» EXERCISE OBJECTIVE
In your copy, leave out the pictures and output only the lines from the one holding "Full Size of" through the end of the data below, exactly.

» DATASET SECTION
++++++++++

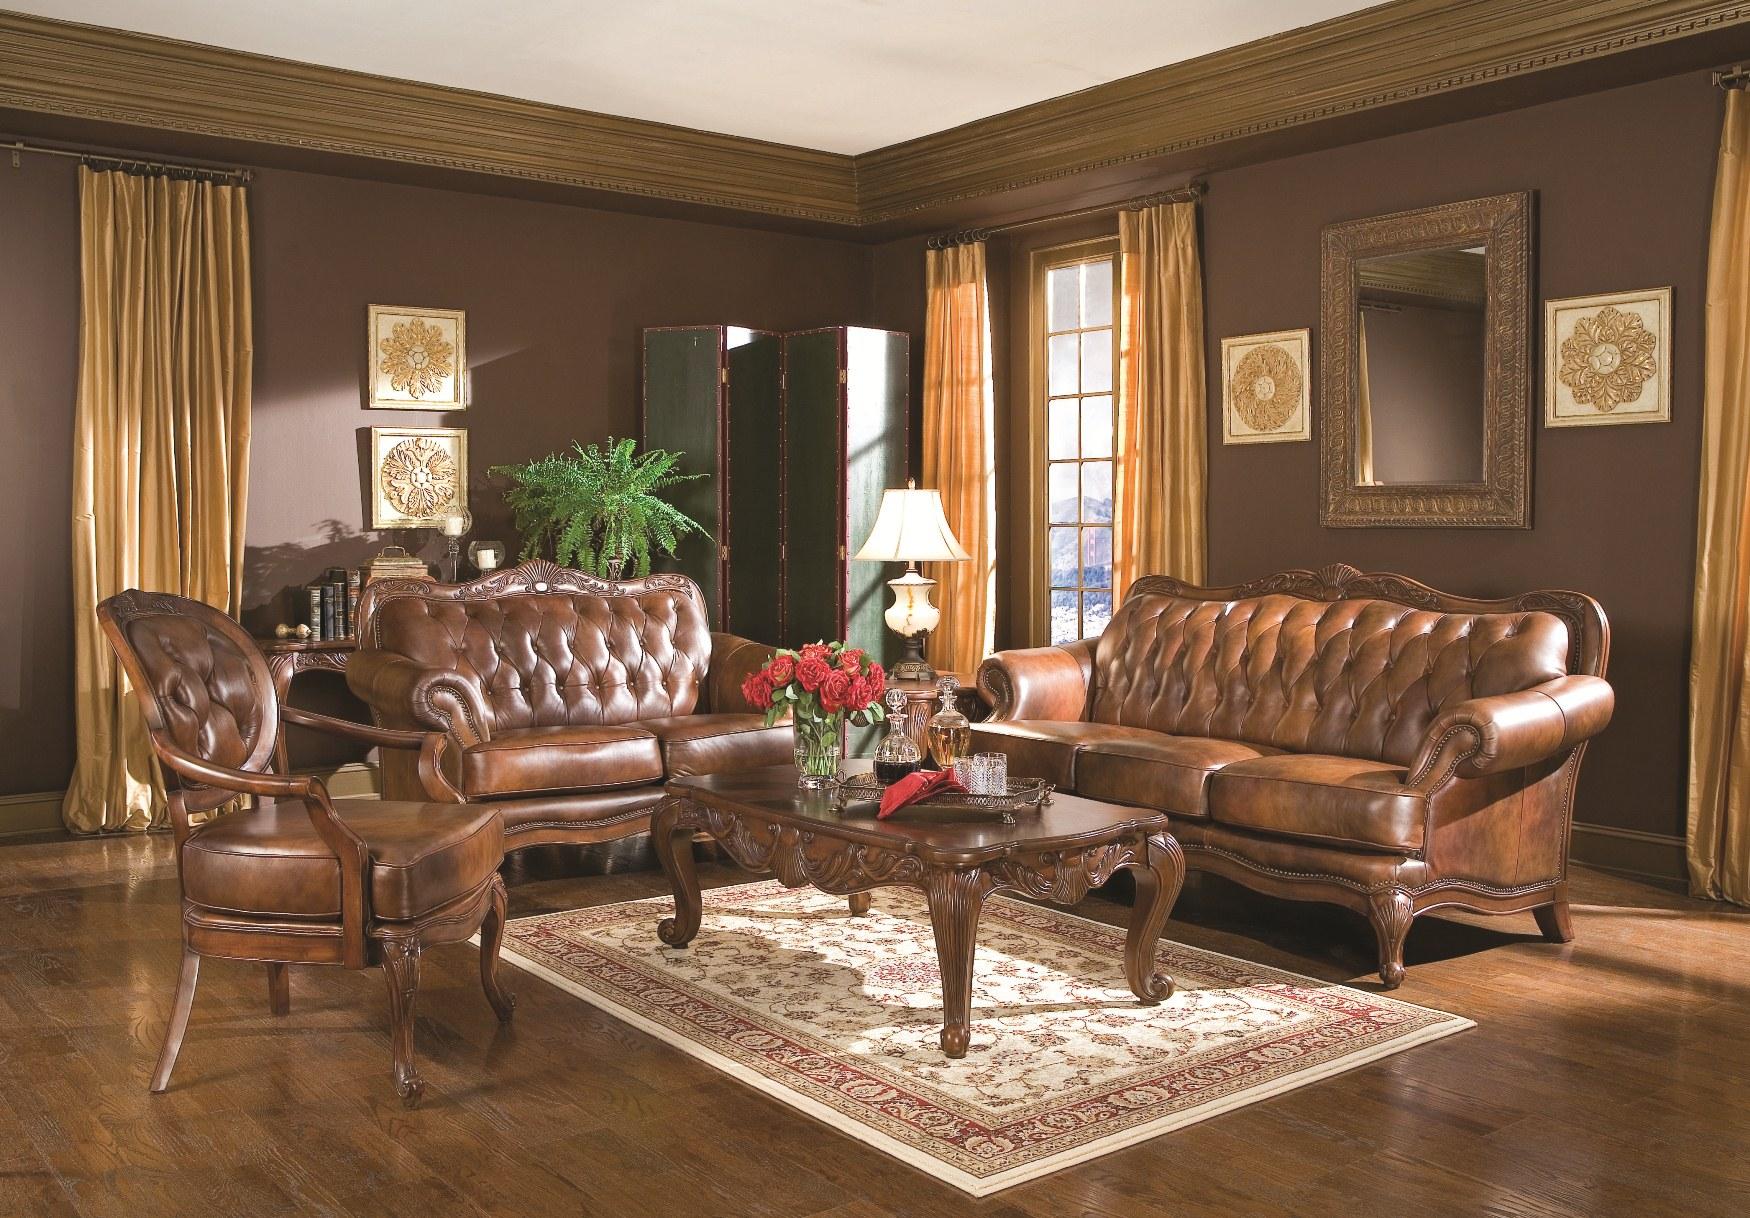 Furniture > Living Room Furniture > Living Room > Victorian Living
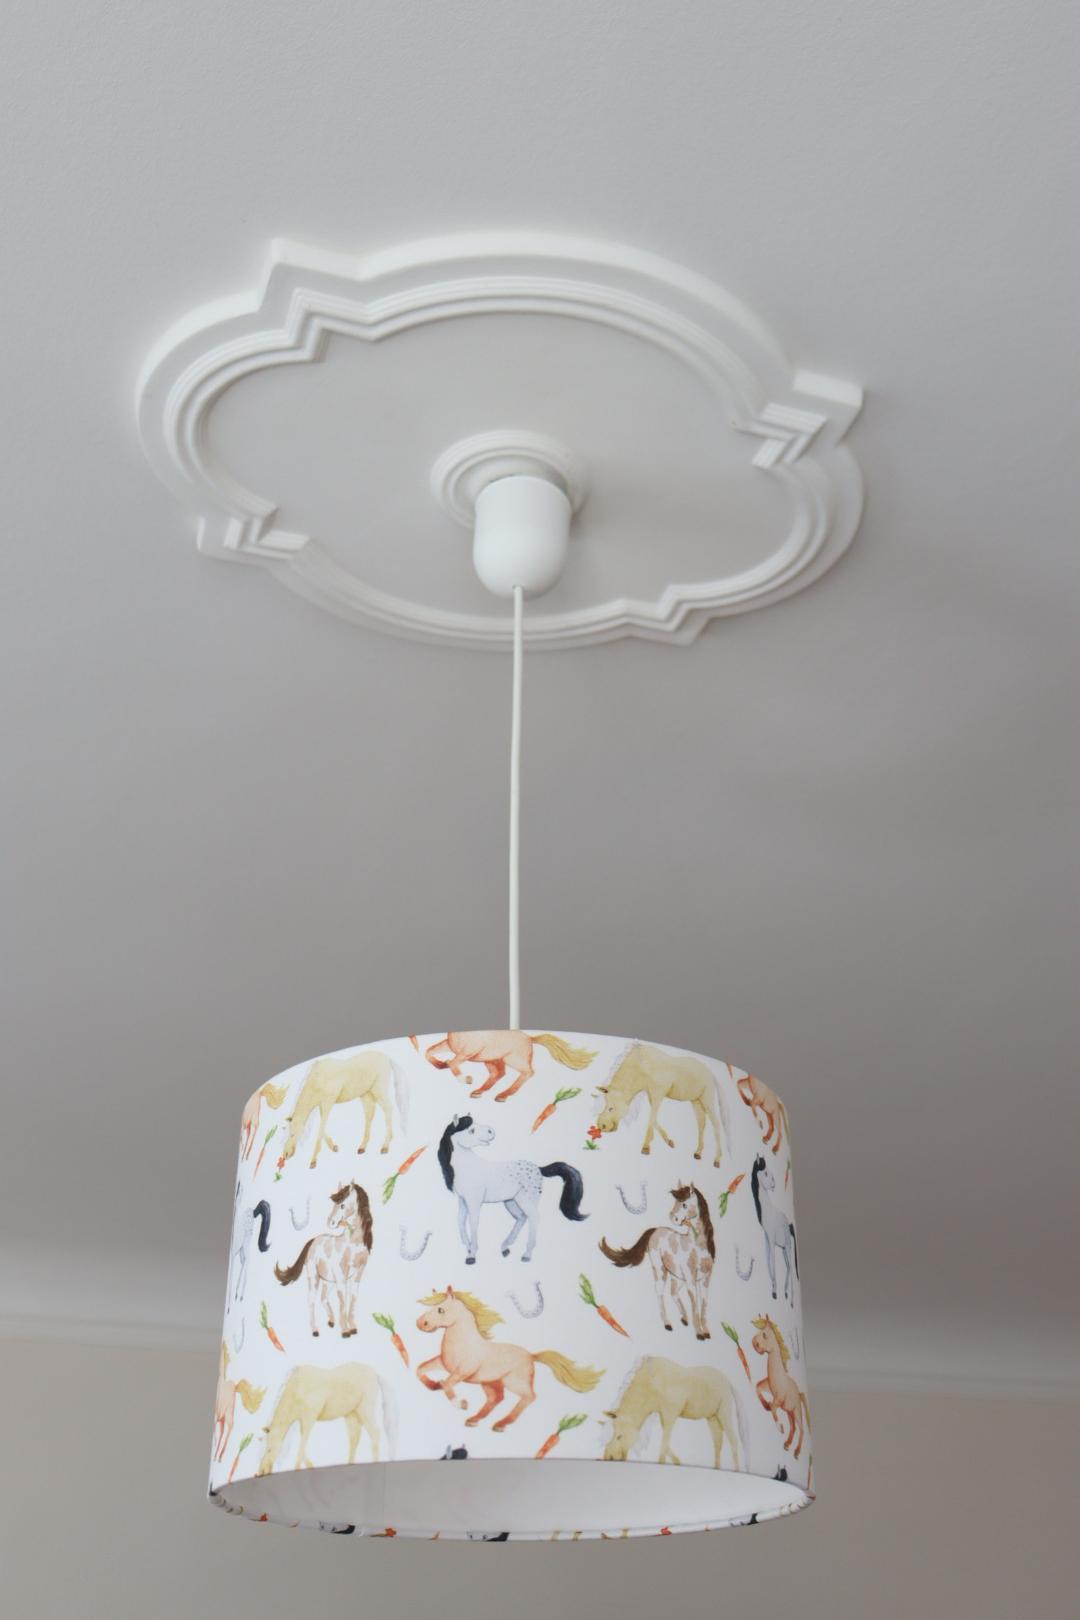 Full Size of Lampe Kinderzimmer Lampenschirm Mdchen Kinderlampe Pferde Regal Weiß Regale Sofa Kinderzimmer Kinderzimmer Pferd
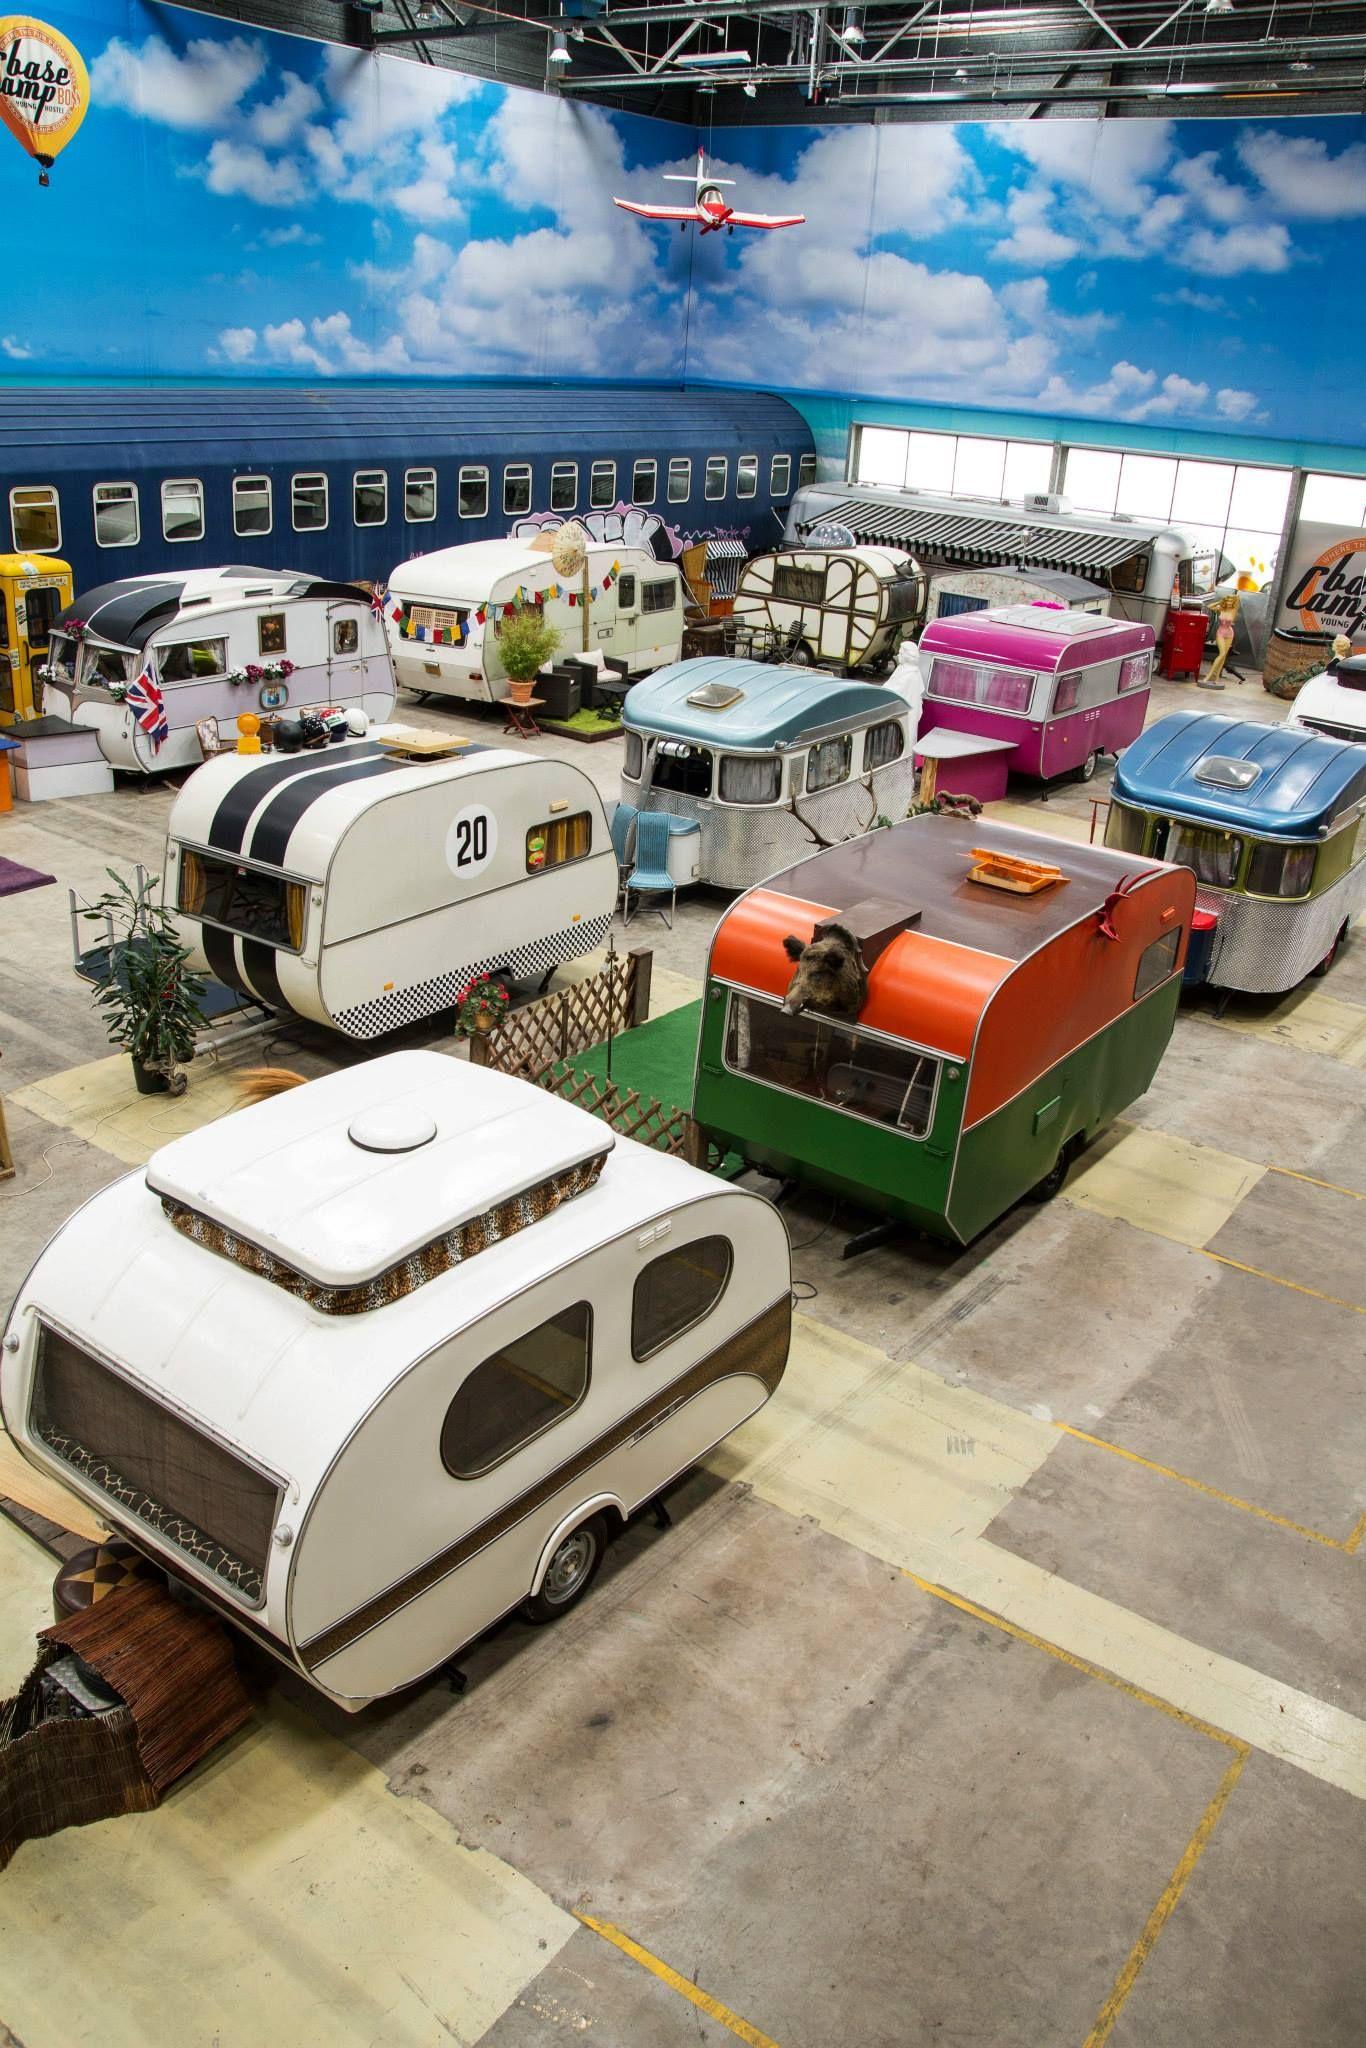 e1c3dee2d5 The Indoor caravan park inside a German former storage facility ...
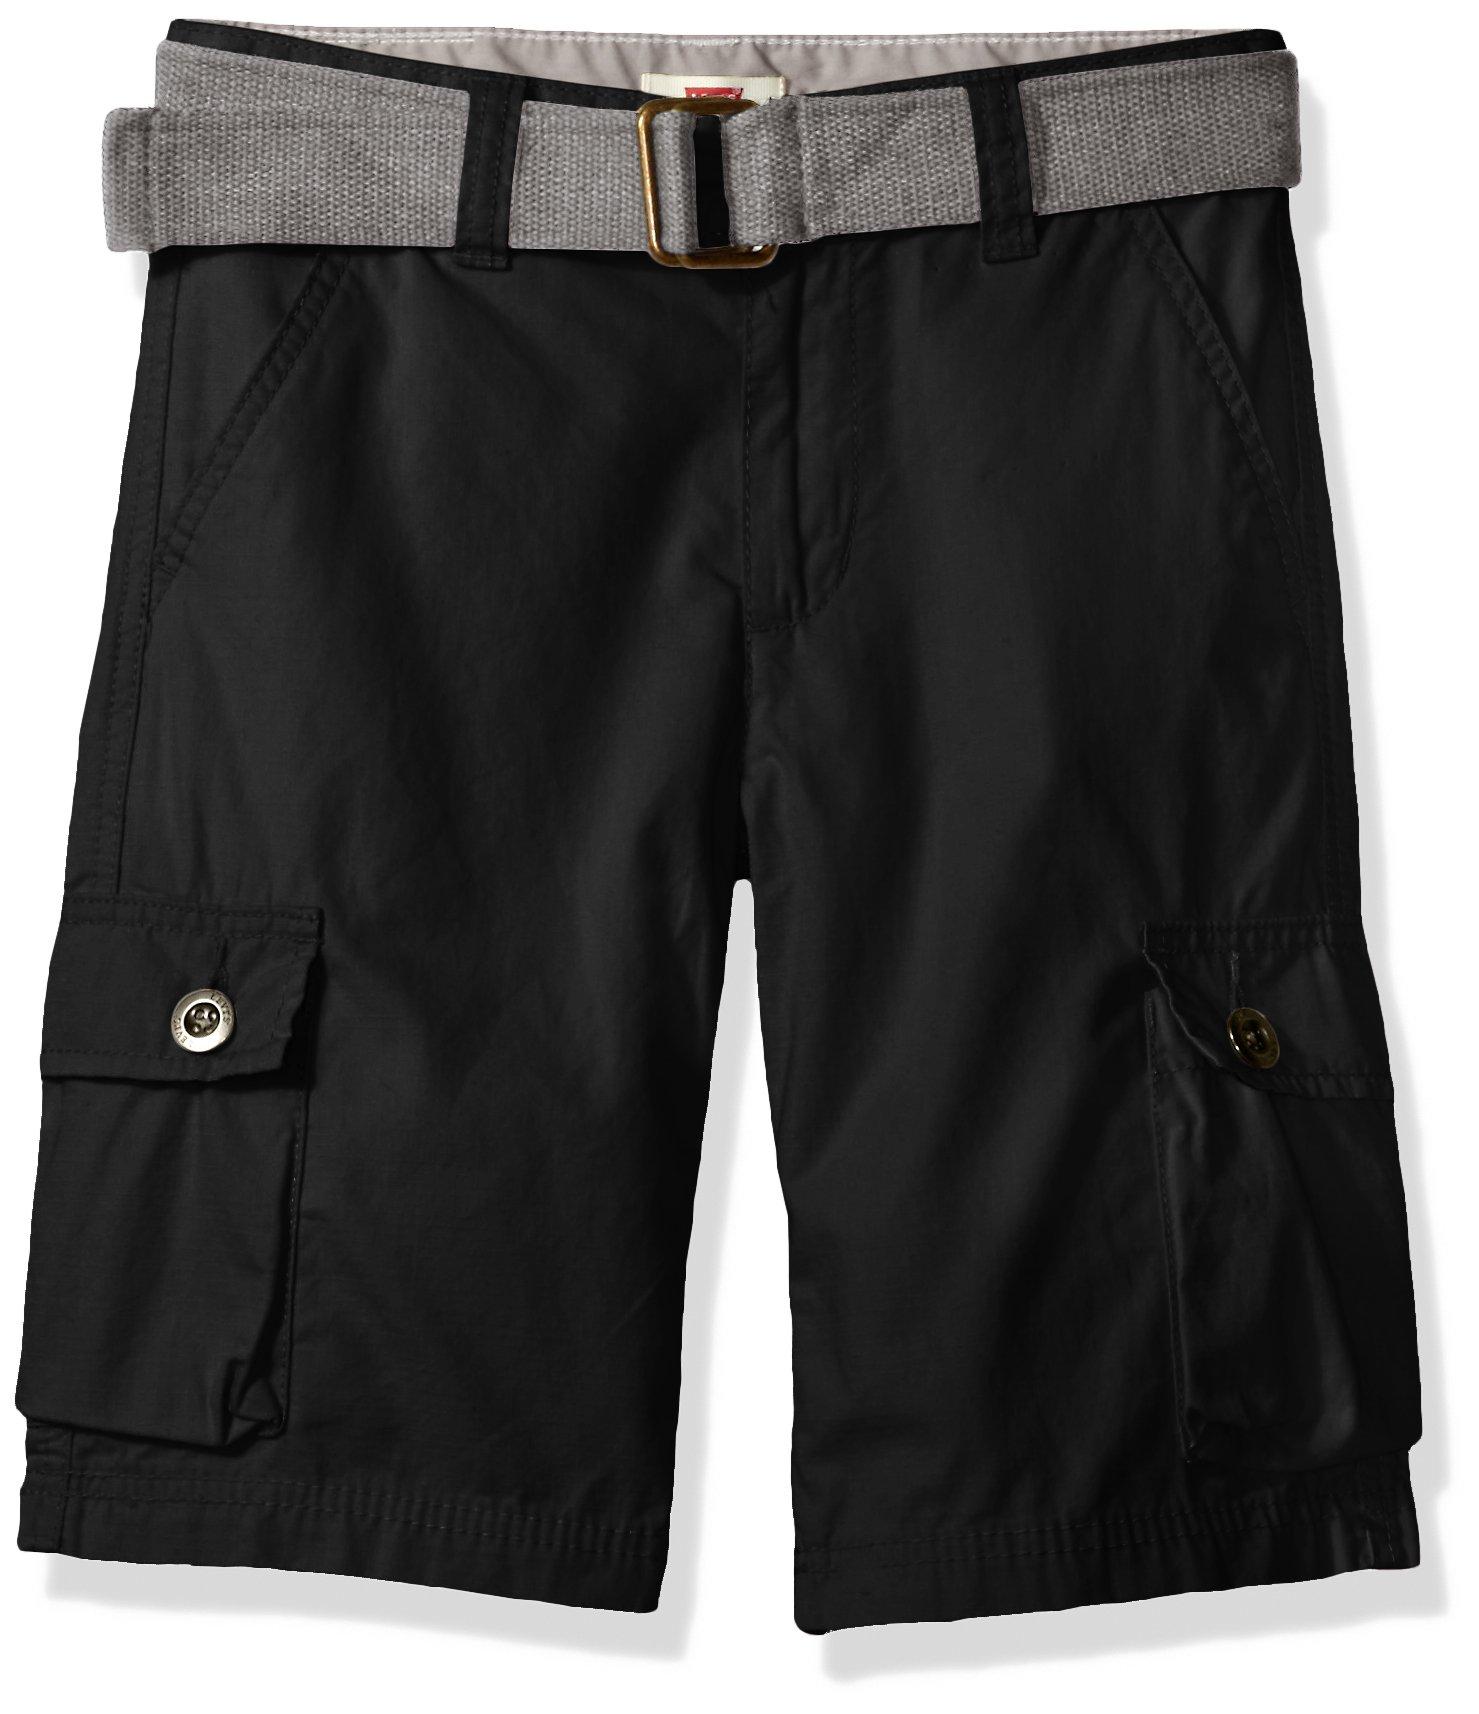 Levi's Big Boys' Cargo Shorts, Black, 14 by Levi's

++++++++++

» ANSWER SPACE
 Full Size of Lampe Kinderzimmer Lampenschirm Mdchen Kinderlampe Pferde Regal Weiß Regale Sofa Kinderzimmer Kinderzimmer Pferd
 e1c3dee2d5 The Indoor caravan park inside a German former storage facility ...
 Levi's Big Boys' Cargo Shorts, Black, 14 by Levi's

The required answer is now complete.